Is/was it a place where only (exclusively or mainly) workers went and other people weren't really allowed? In that case were they run by a special organisation (e.g. trade union, county council, etc.)?
Are we talking about places that still exist?
Is it just a bar that is not "posh"?


----------



## Linnets

Zsanna said:


> I think it may be useful to know a bit more about either the context or the "institution" itself. (Maybe both.) I don't have the impression that we've managed to find "the" answer yet. Is/was it a place where only (exclusively or mainly) workers went and other people weren't really allowed? In that case were they run by a special organisation (e.g. trade union, county council, etc.)?
> Are we talking about places that still exist?
> Is it just a bar that is not "posh"?



Hi,
I'm the editor of a book that is going to be published by the company I work for.
The passage is this:

«Non era molto grande. Era attraversato da un’arteria principale, che collegava Budapest a Zagabria e Lubiana, quella che avevano percorso fino a poco prima. L’abitato si sviluppava essenzialmente lungo quella strada. C’era un monumento ai caduti, una sorta di circolo, osteria, bar con la scritta: _Forgalomban a munkavállalók_, “circolo dei lavoratori” in ungherese.»

Translated into English:

“It was not very big. It was crossed by a major road connecting Budapest to Ljubljana, the one they've passed through a little time before. The village was set out along that road. There were a war memorial and a sort of club, tavern or bar with a sign, _Forgalomban a munkavállalók_, 'Workers' public house' in Hungarian language.”

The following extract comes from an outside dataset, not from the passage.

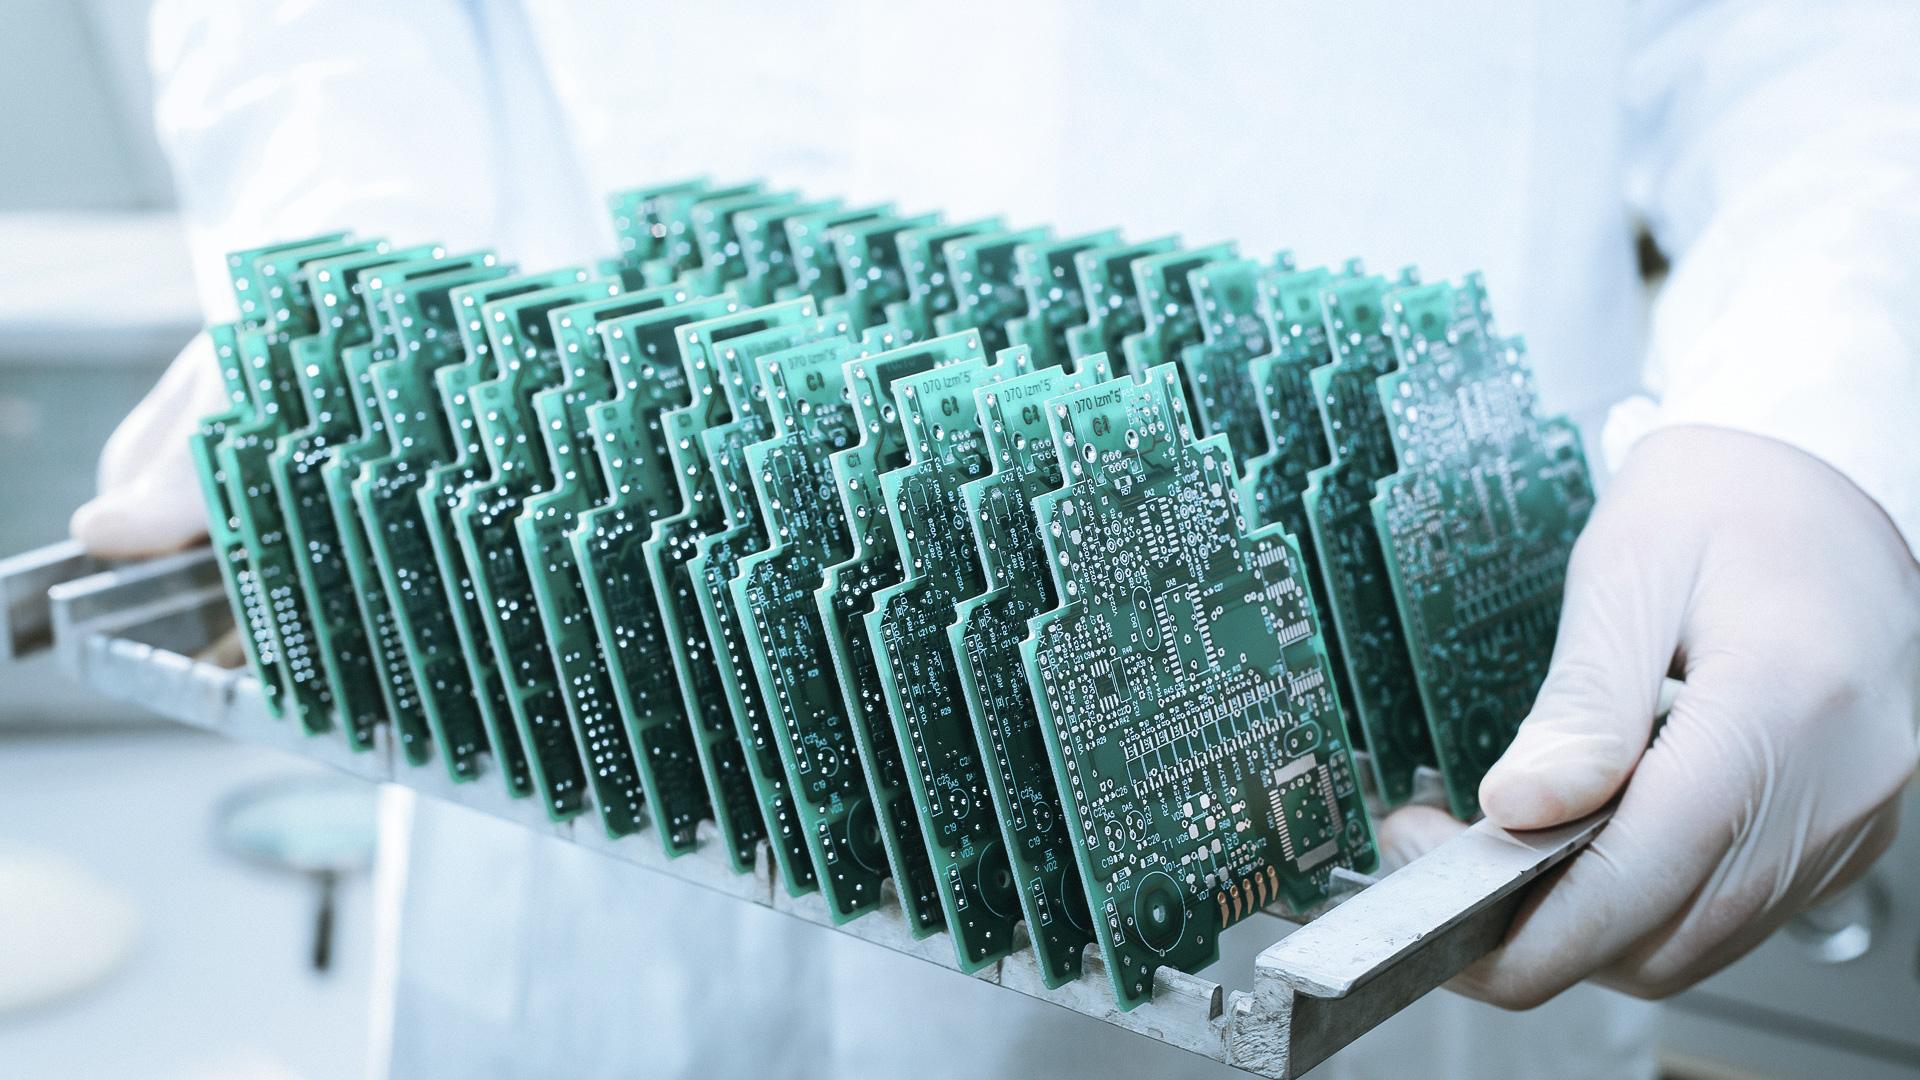 Printed Circuit Board Test Testing Pcb Design Protype Pcb Proto Board

Of course _Forgalomban a munkavállalók_ does _not_ mean 'Workers' (public) house': it is just the answer given by Google Translate for the Italian expression _circolo dei lavoratori_. I need to know the correct Hungarian word(s). What would be the sign put above the tavern's door in Hungarian language?

I hope it is clearer now.


----------



## Ateesh6800

Please scrap "forgalomban a munkavállalók". 

So one question: are we talking about a piece of Hungarian realia, something that DOES exist in Hungary and therefore has a name in Hungarian, or are we looking for a Hungarian term that best reflects the Italian phrase describing something ficticious?

If it was Hungarian realia, I'd probably use "Munkáskör". It is also a verbatim equivalent that would stand, considering that the context gives further support.


----------



## Zsanna

I'm afraid I still couldn't suggest a straightforward translation because this is not an expression that sounds "normal" to me in any context I can think about.
Please note that a word by word translation would be something like: "workers in traffic".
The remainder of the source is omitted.